Watts v. Coxen

Downey, J.

This action was brought by the appellee against the appellant. The complaint is in two paragraphs. In the first, it is alleged that, in July, 1869, the defendant seduced and debauched the plaintiff, whereby she became sick and pregnant, and so continued until December, 1871, when she was delivered of a child (there is probably a mistake in these dates), by means of all which she was unable to perform’any labor, whatever, for a long time, and incurred great expense; and that, to effect such seduction, etc., the defendant undertook and faithfully promised to marry the plaintiff, which he has refused, and still refuses to do, but has married another woman, whereby she has been damaged five thousand dollars, for which-she prays judgment.

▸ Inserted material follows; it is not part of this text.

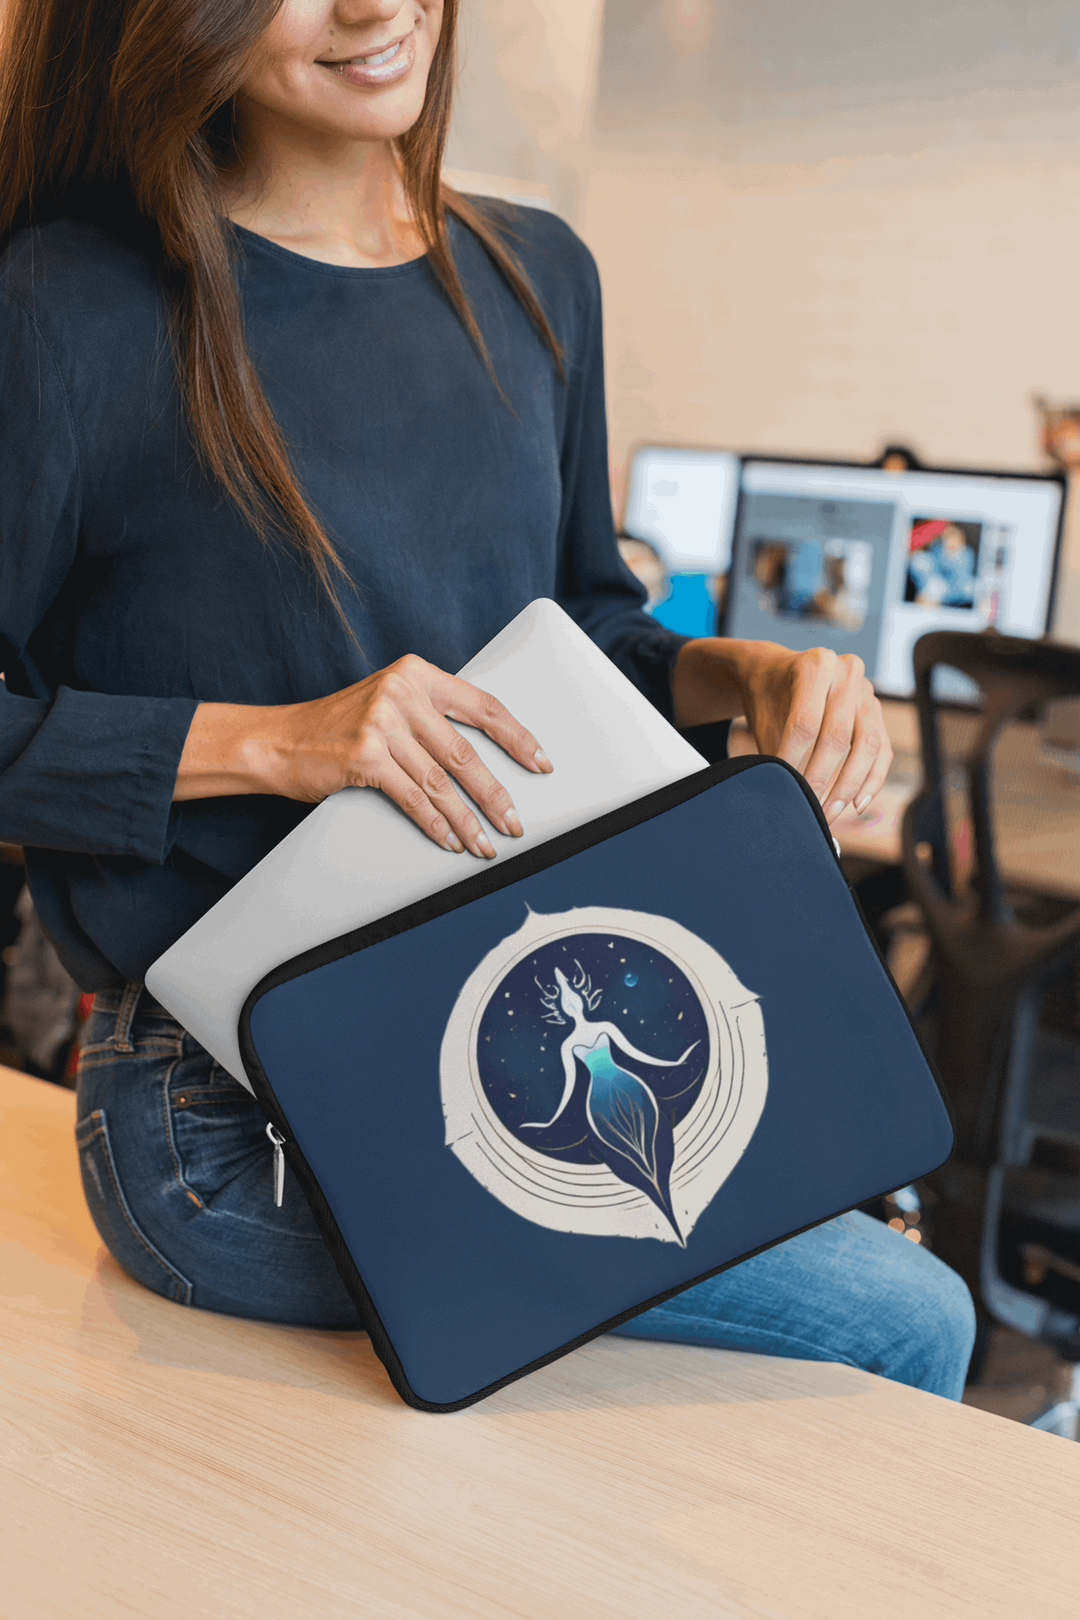 Cosmic Goddess Laptop Sleeve - Protect Your Tech

The second paragraph alleges mutual promises of marriage between the parties, in 1869, and that the defendant, in November, 1870, wrongfully married another woman, etc.

The defendant answered iñ six paragraphs, the third and sixth of which were struck out on motion of the plaintiff

The first was a general denial. The second was payment, and was pleaded to the first paragraph of the complaint. The fourth alleges mutual releases, each in consideration of the other, and is pleaded to the second paragraph of the complaint. The fifth is to the second paragraph of the complaint, and alleges that, after the making of said promise in *156said paragraph set forth, the defendant learned that the plaintiff was of bad repute for chastity, and had been guilty of illicit sexual intercourse with divers men and boys, and particularly with one Thomas Jones, of all of which defendant was ignorant at the time of the making of said promise; and plaintiff, in order to induce the defendant to promise to marry her, falsely represented to him that she was a woman of good repute for chastity, and of correct and virtuous deportment, whereby she deceived the defendant, and fraudulently procured him to make the promise in said paragraph set forth, etc.

Reply in denial of the second and fifth paragraphs of the answer.

The trial was by jury, and there was a verdict for the plaintiff. A motion for a new trial was overruled, and there was final judgment on the verdict.

The errors assigned are:

1. The striking out of the third and sixth paragraphs of the answer.

2. Refusing a new trial.

We think the first alleged error cannot avail the appellant. The paragraphs struck out are not again made part of the record by proper bill of exceptions. There is a bill of exceptions in the transcript, which refers to the paragraphs struck out, but they are not set out as part of the bill, and are not, therefore, part of the record, although copied by the clerk, with the other paragraphs, in the transcript. We have, however, examined the paragraphs, and are of the opinion that they contain no matter not admissible under the remaining paragraphs. There was, therefore, no error in striking them out.

The next question is on the ruling of the court in refusing to grant a new trial.

There are several grounds on which it is contended the new trial should have been granted. We need not examine all of them. One ground was, that the court, after having been requested to instruct the jury in writing, gave a portion of *157the instructions orally. For this action of the court the judgment must be reversed. The statute imperatively requires that the instructions shall be in writing when so required. 2 G. & H. 198, sec. 324, fifth division. There are numerous decisions in accordance with this ruling.

The other questions made in the motion for a new trial may not present themselves on another trial of the cause.

The judgment is reversed, with costs; and the cause is remanded, with instructions to grant a new trial.